(Problem details):
Each line of data below is to be returned exactly, leaving out any picture.

(Collected material):
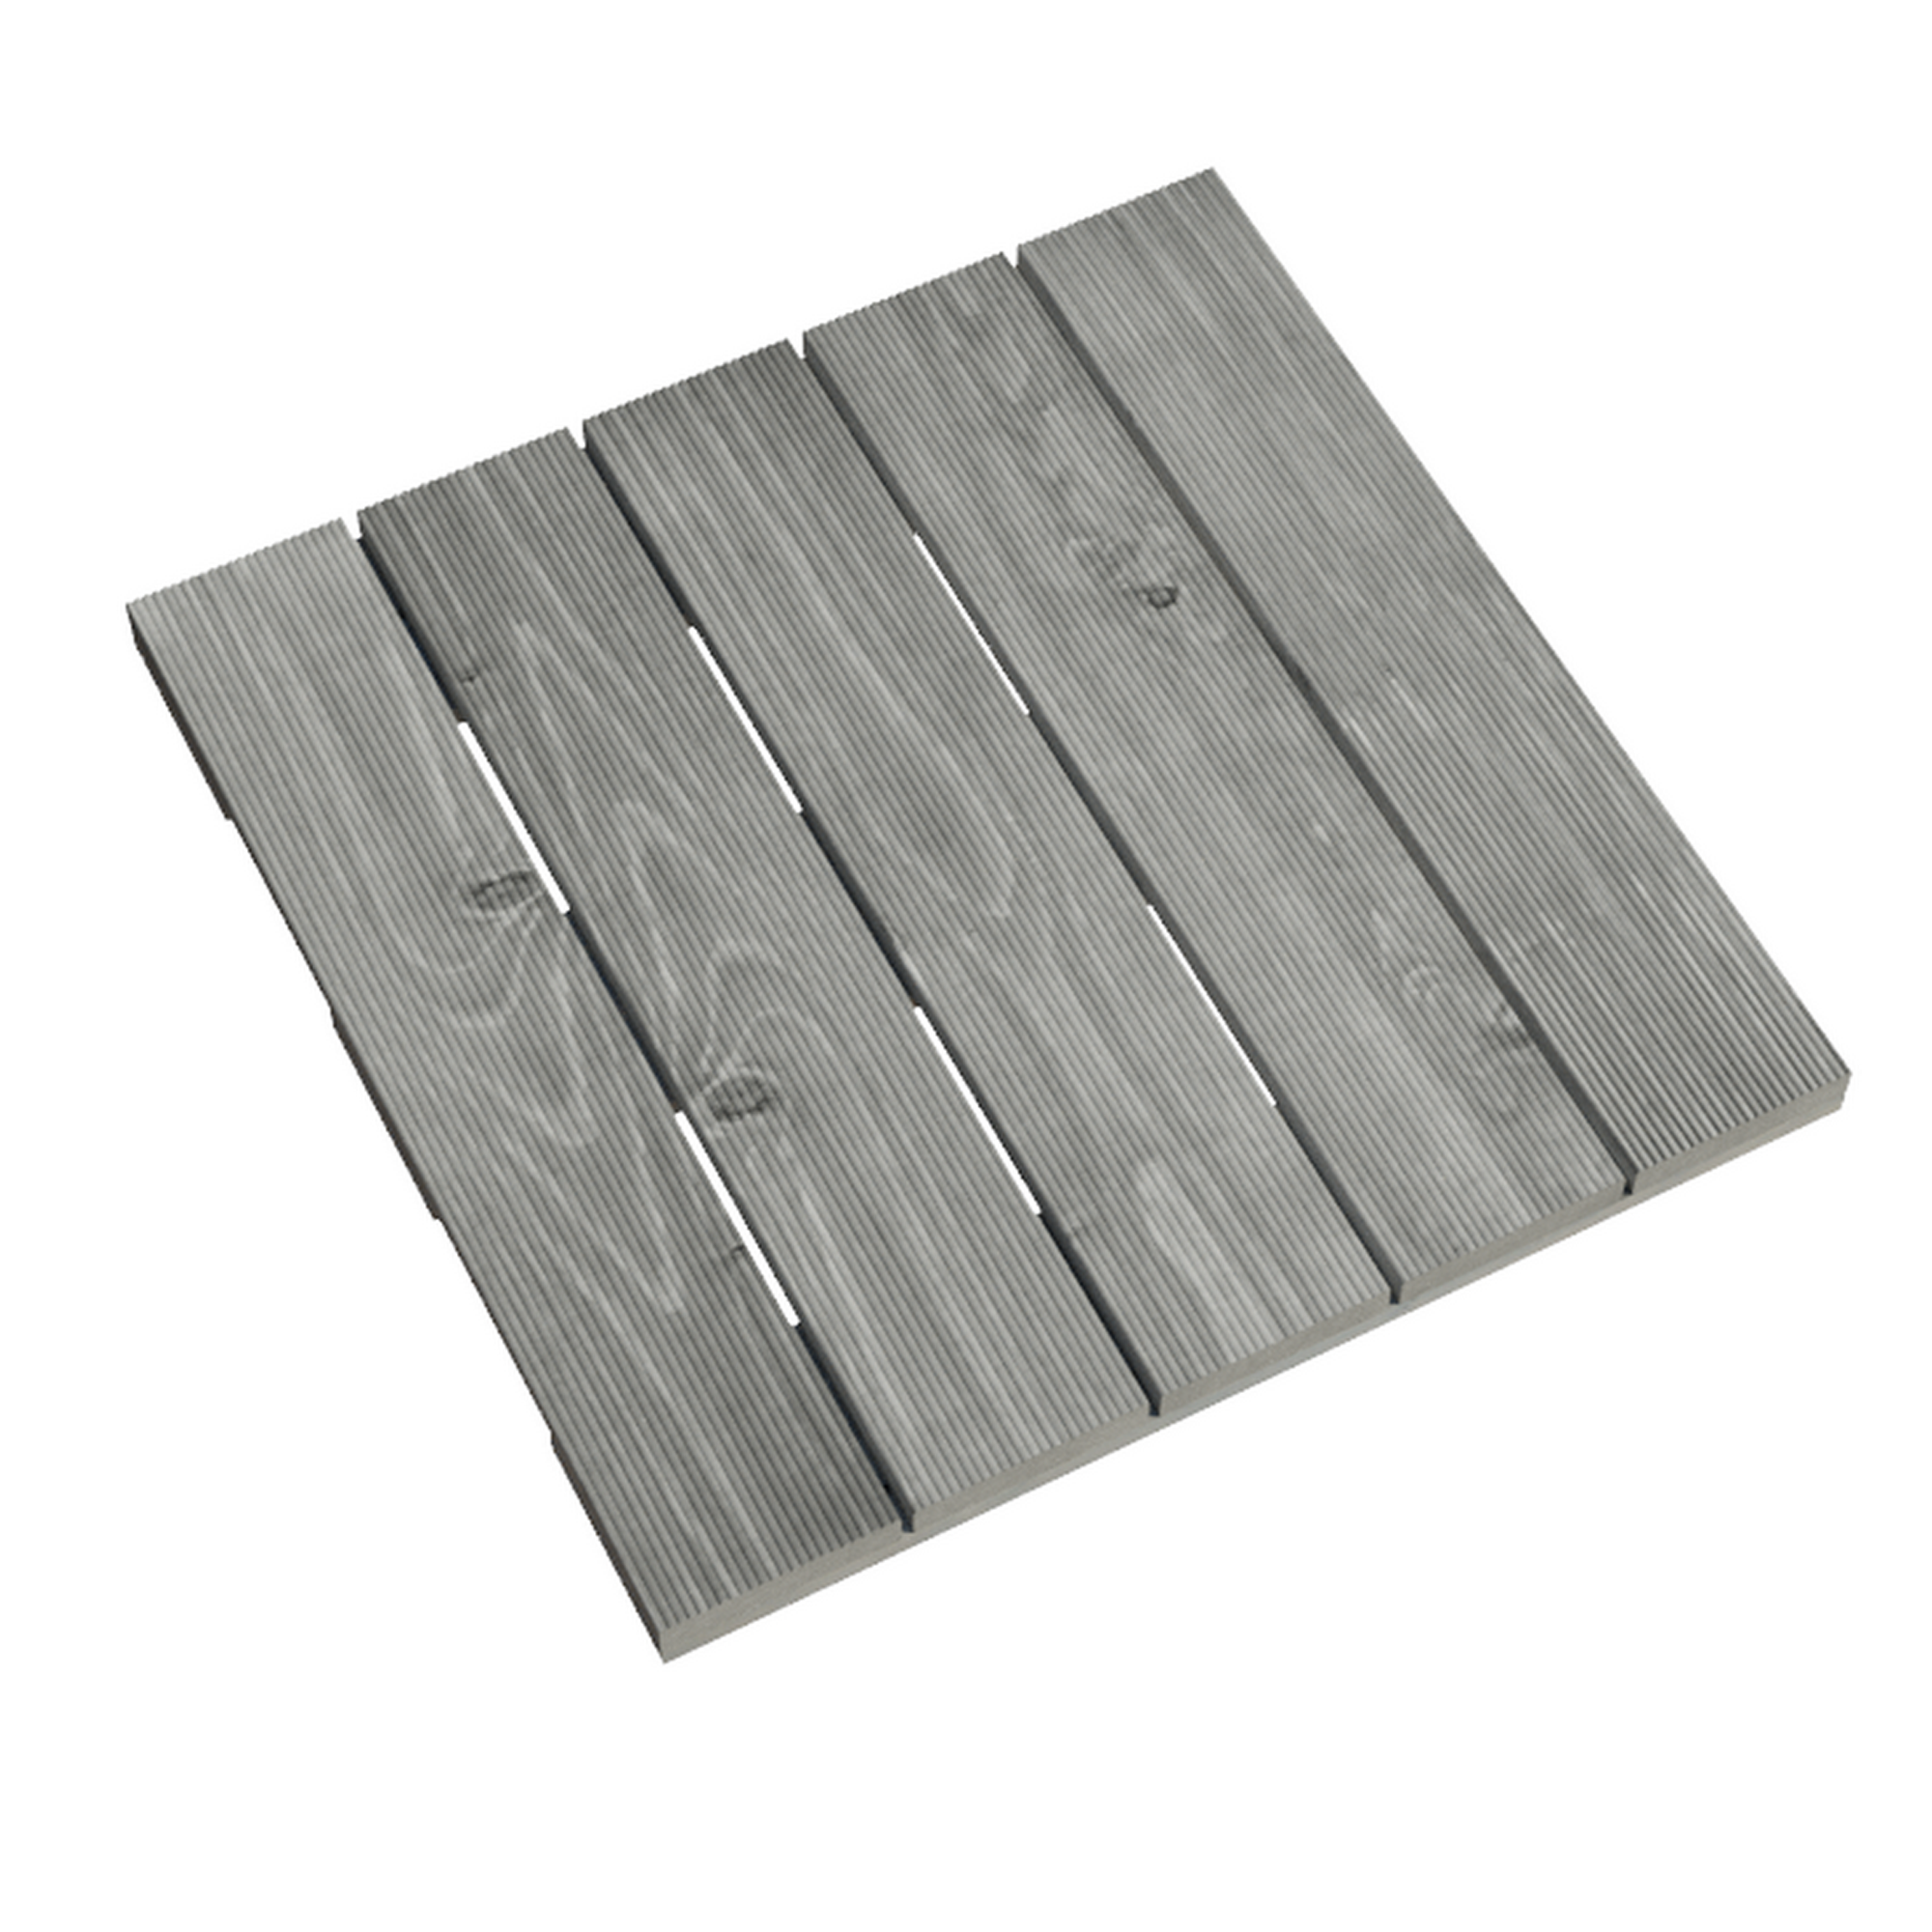 Holzfliese Nadelholz grau 500 x 500 x 31 mm + product picture
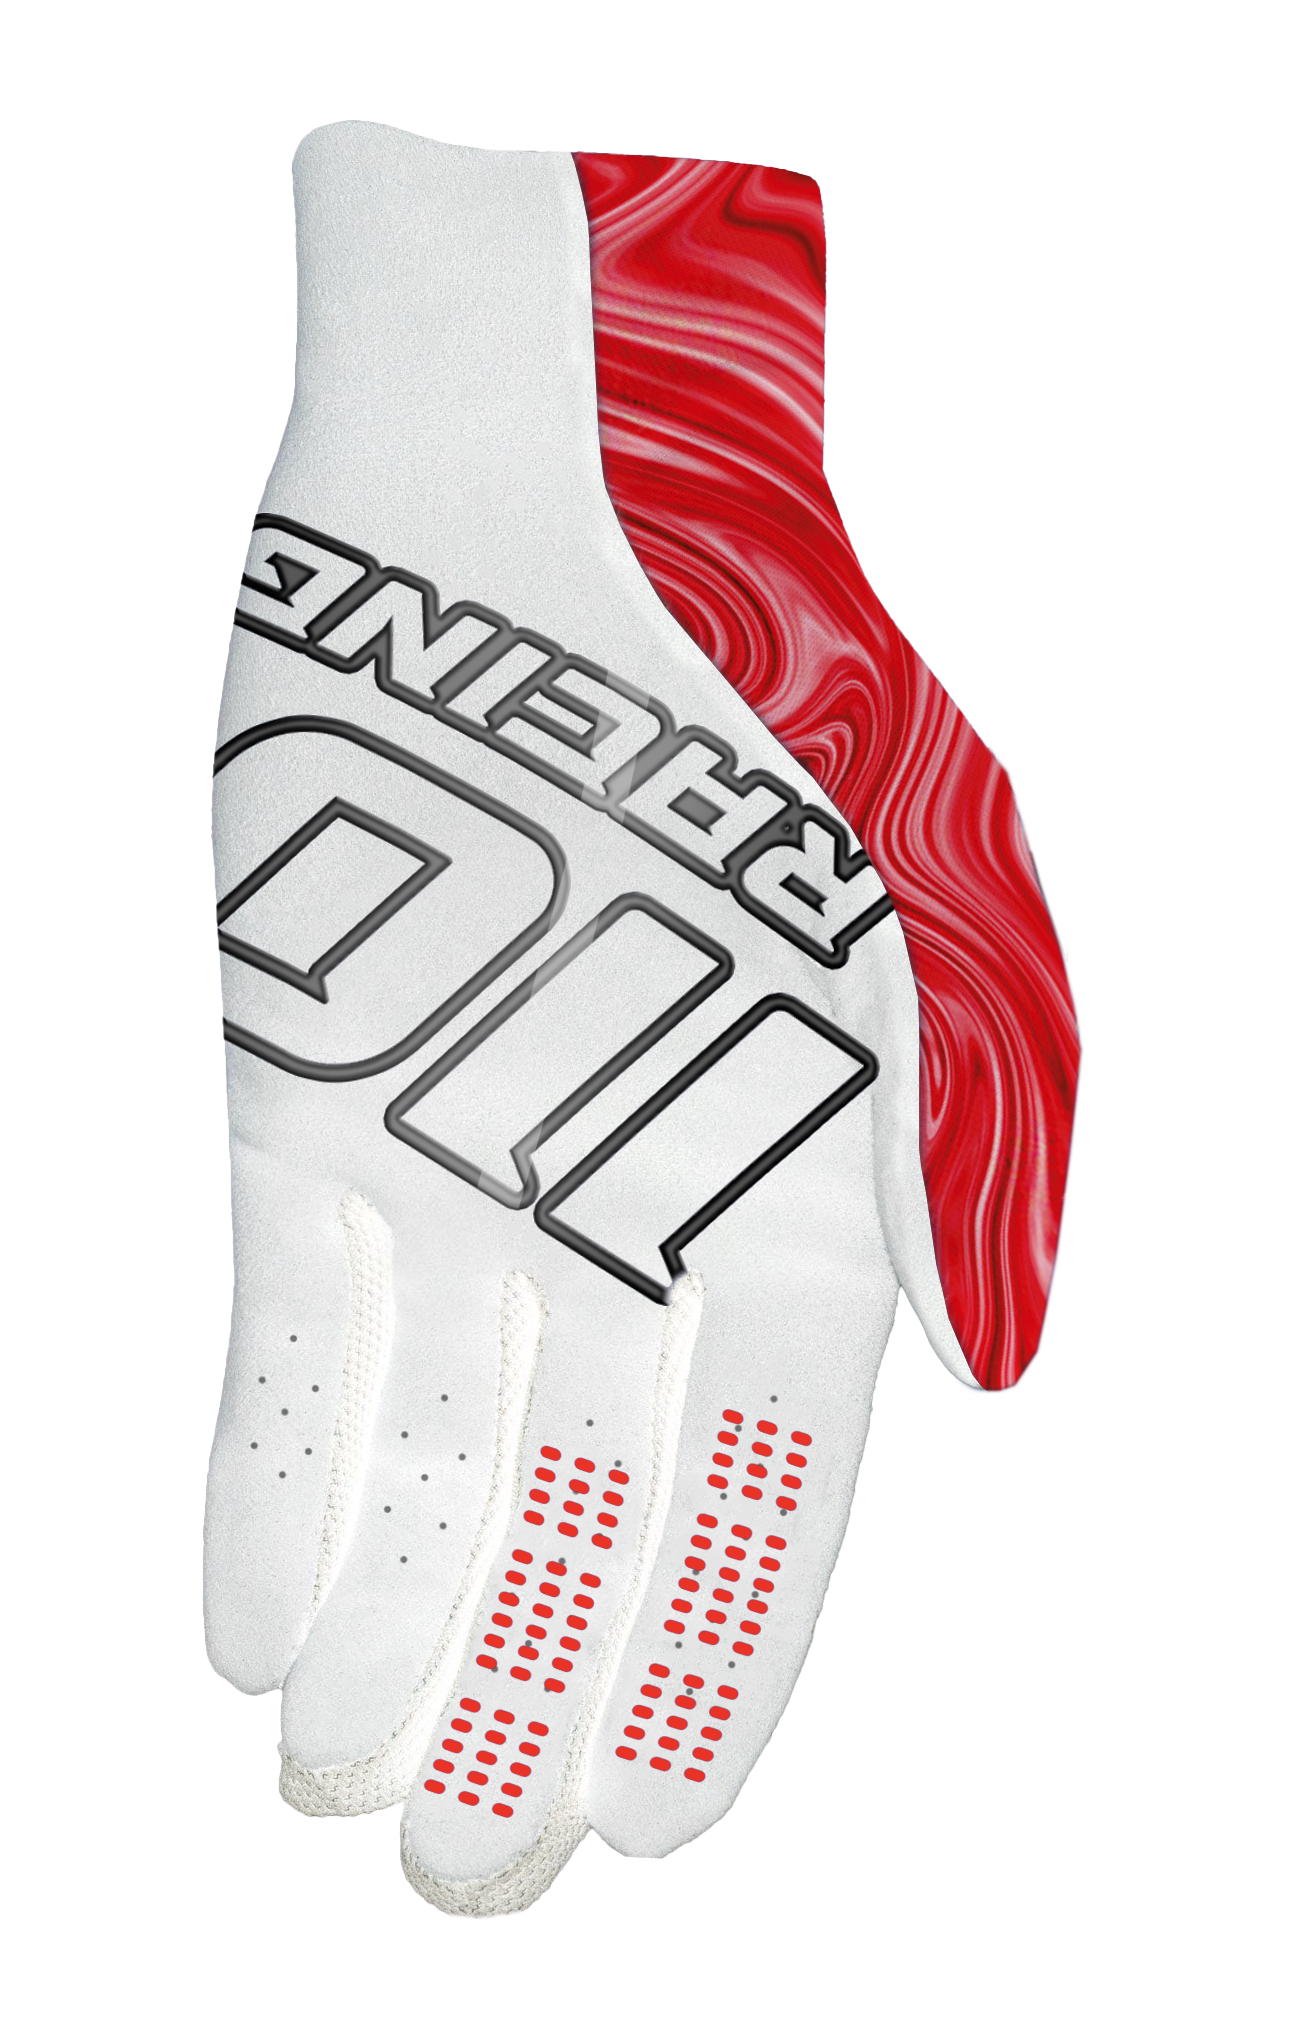 110 RACING // SE23 GRAPHITE YOUTH GLOVE - GREY/RED
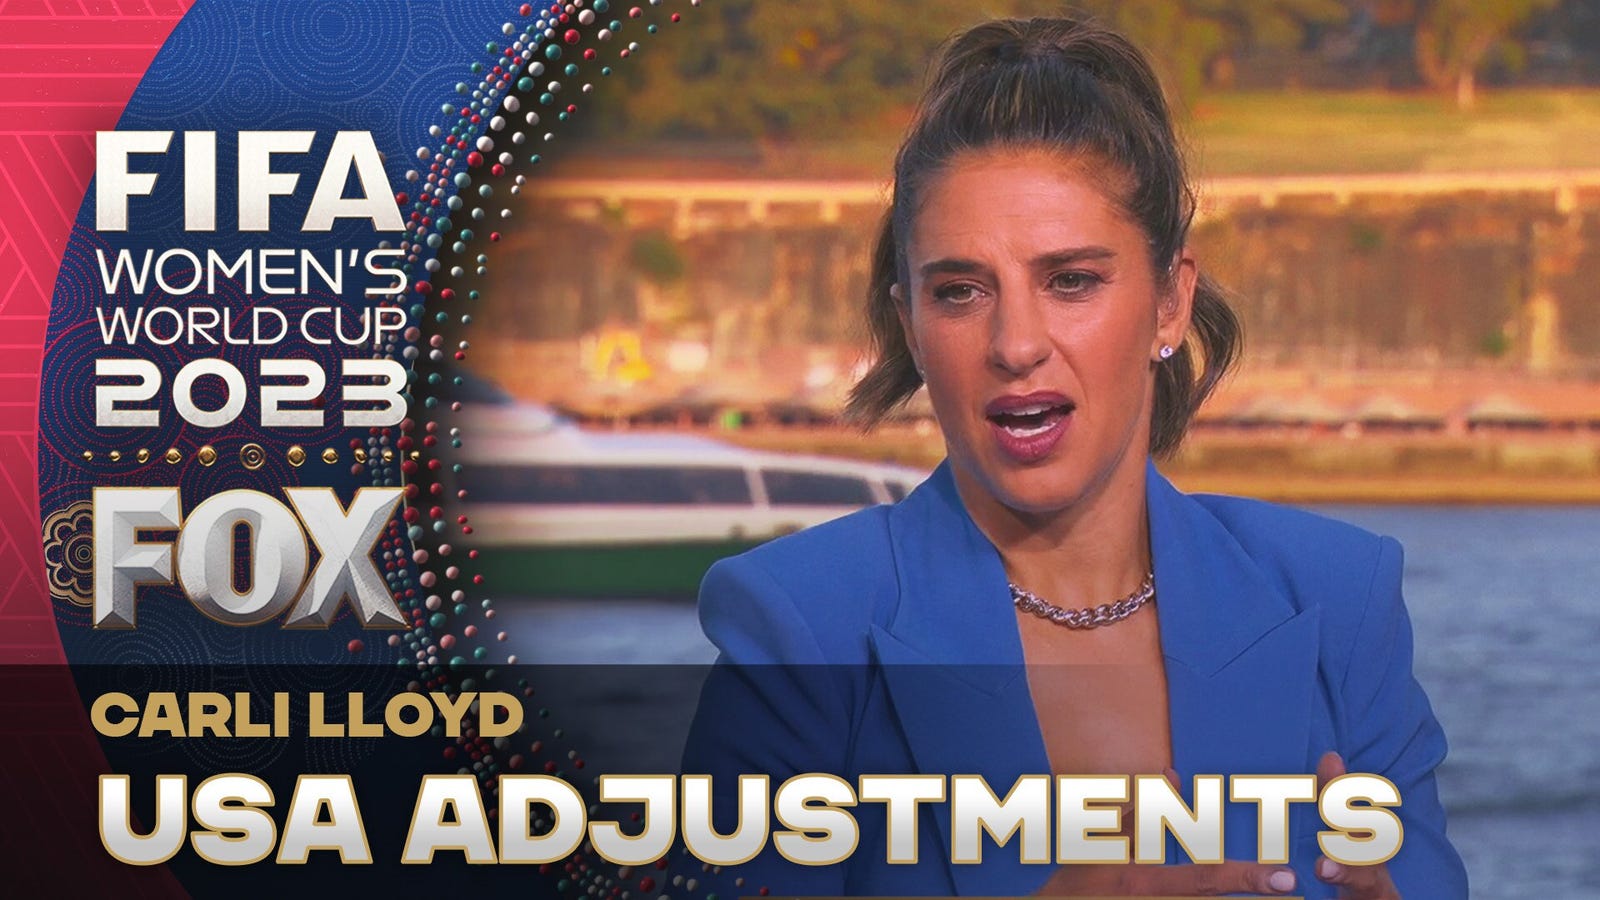 'I think this calls for a formation change' — Carli Lloyd on changes the USWNT should make in their next match vs. Sweden

(Answer for this exercise):
 Holzfliese Nadelholz grau 500 x 500 x 31 mm + product picture
 110 RACING // SE23 GRAPHITE YOUTH GLOVE - GREY/RED
 'I think this calls for a formation change' — Carli Lloyd on changes the USWNT should make in their next match vs. Sweden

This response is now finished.